==== Extracted data
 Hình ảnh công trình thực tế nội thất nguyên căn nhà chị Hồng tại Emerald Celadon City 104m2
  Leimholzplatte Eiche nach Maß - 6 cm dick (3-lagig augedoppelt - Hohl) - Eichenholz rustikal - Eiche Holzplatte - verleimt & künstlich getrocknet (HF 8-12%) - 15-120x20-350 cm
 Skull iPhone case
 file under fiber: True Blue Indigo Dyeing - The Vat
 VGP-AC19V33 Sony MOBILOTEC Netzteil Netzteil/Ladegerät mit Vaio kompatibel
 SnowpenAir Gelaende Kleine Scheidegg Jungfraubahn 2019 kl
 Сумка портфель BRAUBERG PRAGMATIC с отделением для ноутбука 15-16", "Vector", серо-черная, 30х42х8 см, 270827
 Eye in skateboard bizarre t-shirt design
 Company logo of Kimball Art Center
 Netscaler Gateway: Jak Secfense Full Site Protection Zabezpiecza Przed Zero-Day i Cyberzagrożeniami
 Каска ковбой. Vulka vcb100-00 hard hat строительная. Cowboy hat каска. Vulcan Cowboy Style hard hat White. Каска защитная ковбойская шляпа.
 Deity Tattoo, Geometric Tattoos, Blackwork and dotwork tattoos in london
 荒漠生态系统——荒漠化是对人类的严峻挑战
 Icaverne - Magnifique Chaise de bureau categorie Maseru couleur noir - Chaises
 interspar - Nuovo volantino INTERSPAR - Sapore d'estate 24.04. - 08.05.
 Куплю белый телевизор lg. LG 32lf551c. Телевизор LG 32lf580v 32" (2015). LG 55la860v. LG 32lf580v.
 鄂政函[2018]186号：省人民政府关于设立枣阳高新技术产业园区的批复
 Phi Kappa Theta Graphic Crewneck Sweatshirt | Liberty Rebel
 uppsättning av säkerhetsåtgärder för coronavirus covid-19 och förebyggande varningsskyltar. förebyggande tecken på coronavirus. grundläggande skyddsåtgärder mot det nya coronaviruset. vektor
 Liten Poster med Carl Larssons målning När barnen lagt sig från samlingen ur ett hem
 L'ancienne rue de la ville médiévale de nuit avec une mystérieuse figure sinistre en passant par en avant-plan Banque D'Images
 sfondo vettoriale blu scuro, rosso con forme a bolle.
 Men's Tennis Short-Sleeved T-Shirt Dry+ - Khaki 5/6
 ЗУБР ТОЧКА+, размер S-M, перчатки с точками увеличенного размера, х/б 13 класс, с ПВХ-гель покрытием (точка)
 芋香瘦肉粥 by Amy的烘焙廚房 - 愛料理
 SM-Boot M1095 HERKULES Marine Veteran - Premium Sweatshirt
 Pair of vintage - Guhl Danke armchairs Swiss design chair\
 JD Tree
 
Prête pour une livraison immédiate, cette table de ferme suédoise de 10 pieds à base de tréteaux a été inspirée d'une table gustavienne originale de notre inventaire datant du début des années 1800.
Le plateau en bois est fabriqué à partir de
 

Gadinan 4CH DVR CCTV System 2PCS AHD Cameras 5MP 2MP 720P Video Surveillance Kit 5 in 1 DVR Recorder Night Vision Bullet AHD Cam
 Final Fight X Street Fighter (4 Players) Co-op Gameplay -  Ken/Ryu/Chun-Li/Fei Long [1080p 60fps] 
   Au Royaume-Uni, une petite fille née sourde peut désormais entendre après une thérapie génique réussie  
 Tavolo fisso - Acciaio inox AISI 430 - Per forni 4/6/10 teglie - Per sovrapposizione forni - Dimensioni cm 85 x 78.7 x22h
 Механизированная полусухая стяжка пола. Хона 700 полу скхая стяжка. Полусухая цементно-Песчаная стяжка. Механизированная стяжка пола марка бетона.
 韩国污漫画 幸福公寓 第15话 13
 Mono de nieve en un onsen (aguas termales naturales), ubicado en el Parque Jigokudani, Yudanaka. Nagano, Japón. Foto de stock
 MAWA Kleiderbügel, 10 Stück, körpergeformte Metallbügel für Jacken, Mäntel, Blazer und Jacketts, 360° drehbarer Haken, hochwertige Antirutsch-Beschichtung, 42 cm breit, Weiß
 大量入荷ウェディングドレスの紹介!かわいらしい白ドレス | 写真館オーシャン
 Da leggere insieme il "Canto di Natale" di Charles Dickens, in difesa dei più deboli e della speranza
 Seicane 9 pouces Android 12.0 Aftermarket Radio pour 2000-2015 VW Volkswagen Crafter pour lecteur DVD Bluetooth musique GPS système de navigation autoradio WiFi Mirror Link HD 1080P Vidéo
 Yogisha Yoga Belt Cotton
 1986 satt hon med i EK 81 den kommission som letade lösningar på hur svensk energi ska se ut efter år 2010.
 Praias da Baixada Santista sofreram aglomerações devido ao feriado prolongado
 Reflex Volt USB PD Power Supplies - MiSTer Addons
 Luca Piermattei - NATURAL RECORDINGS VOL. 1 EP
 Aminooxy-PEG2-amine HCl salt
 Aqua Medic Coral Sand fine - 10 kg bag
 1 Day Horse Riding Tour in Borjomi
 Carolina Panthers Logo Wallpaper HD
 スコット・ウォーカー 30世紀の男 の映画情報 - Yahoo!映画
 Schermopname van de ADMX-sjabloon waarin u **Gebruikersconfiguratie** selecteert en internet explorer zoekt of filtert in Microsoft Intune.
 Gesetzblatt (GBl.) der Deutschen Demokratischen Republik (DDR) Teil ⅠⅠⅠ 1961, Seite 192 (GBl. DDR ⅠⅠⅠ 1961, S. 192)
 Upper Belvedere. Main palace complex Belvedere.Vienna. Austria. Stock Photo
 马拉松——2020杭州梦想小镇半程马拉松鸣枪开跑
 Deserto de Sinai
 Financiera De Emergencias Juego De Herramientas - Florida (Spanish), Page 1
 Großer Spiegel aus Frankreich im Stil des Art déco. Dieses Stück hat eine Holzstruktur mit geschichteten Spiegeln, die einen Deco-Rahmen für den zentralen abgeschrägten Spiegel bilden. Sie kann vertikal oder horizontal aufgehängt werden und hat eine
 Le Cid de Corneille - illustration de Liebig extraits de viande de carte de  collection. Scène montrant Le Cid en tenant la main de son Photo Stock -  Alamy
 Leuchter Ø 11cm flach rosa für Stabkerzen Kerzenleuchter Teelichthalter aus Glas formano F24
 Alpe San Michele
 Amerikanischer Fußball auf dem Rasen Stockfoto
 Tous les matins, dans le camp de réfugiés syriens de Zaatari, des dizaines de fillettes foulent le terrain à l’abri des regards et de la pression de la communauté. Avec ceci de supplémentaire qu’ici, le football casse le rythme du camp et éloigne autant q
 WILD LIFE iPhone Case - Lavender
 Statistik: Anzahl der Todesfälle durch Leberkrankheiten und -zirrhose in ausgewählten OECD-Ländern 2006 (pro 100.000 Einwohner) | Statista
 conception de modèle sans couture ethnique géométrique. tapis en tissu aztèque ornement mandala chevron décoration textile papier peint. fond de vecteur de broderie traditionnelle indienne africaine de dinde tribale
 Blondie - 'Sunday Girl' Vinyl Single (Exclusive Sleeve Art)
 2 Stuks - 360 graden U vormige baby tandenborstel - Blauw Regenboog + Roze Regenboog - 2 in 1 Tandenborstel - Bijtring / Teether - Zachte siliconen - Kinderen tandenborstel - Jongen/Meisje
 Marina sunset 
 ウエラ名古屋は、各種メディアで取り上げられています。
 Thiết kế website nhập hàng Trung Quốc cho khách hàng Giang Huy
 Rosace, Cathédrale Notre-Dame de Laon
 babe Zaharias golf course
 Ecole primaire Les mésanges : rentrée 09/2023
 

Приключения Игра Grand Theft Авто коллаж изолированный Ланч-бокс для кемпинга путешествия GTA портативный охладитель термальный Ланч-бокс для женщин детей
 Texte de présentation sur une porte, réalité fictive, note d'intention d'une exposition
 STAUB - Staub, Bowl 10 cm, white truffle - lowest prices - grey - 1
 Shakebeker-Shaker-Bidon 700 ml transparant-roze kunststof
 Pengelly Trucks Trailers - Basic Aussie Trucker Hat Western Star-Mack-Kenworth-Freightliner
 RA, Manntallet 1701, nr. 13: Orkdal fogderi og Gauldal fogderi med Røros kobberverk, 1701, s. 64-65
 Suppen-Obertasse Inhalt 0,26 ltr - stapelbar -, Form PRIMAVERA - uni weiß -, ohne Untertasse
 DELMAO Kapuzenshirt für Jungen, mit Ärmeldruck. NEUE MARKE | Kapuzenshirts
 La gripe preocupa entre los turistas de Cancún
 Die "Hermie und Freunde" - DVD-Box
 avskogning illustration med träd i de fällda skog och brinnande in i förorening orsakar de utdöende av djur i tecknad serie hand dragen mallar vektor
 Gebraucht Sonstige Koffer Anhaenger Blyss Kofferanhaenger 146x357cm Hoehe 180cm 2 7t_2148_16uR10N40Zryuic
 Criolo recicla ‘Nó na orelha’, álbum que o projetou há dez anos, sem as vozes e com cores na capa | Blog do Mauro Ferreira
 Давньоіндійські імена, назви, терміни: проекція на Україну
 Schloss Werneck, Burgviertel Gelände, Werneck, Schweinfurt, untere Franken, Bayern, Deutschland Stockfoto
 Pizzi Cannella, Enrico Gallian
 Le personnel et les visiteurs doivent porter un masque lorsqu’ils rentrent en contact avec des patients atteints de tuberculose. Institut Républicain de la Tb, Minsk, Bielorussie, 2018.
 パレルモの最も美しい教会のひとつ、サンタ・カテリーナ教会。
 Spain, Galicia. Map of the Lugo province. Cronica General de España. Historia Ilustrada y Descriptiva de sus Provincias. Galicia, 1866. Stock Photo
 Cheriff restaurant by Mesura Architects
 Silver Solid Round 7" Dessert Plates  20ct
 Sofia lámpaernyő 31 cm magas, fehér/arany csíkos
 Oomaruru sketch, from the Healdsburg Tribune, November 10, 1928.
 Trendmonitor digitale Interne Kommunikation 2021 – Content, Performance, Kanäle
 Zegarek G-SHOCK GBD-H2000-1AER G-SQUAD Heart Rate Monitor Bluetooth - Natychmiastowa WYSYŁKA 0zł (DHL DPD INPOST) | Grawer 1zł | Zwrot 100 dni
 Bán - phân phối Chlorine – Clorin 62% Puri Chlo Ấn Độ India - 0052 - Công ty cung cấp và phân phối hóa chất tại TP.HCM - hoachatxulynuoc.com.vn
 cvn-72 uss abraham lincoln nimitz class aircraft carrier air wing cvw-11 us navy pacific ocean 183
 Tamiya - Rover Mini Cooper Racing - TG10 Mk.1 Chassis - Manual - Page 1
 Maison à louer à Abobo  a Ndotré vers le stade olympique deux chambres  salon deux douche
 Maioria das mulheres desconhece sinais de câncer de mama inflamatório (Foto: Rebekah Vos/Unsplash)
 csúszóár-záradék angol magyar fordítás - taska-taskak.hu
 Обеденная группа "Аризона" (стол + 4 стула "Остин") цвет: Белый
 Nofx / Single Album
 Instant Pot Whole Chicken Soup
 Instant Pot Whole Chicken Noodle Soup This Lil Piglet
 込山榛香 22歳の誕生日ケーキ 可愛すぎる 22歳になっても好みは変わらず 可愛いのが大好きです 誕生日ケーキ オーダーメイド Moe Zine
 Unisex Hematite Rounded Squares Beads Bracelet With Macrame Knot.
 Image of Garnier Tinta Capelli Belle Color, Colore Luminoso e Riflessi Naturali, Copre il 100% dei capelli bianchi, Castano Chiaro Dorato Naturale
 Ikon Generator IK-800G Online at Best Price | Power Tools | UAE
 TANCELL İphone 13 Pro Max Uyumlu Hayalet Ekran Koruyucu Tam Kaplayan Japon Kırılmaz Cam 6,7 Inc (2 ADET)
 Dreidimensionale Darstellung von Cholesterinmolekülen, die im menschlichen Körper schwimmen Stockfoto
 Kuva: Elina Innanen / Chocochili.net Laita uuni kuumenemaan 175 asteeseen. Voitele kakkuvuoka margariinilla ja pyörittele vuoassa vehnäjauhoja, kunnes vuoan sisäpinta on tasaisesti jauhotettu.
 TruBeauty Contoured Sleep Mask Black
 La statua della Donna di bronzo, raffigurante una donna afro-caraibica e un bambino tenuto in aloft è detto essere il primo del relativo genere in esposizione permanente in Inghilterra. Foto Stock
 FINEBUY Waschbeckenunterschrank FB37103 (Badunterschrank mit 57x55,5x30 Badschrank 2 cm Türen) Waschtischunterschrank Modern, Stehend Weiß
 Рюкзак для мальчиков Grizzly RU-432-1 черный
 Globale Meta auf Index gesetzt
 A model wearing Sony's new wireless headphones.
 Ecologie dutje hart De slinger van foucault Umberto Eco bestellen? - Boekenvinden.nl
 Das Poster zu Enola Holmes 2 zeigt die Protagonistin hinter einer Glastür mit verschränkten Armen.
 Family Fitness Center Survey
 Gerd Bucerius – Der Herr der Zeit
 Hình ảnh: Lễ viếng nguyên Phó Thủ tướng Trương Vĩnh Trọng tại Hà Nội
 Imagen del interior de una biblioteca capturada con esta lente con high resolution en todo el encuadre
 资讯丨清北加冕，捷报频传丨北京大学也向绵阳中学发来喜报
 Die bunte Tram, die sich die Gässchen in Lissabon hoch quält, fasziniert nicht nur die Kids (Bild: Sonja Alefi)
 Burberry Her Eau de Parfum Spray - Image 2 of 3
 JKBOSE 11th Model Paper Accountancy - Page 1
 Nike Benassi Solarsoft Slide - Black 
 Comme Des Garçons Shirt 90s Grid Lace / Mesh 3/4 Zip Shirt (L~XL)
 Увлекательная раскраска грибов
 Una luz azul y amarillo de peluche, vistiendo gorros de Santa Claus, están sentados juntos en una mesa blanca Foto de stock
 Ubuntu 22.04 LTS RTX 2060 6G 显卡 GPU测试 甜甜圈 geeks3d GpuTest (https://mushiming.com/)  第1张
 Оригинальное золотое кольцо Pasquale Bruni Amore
========
#### Required action:
Search the entries for the string "Poster". Copy every line that has it.

#### Exercise output:
 Liten Poster med Carl Larssons målning När barnen lagt sig från samlingen ur ett hem
 Das Poster zu Enola Holmes 2 zeigt die Protagonistin hinter einer Glastür mit verschränkten Armen.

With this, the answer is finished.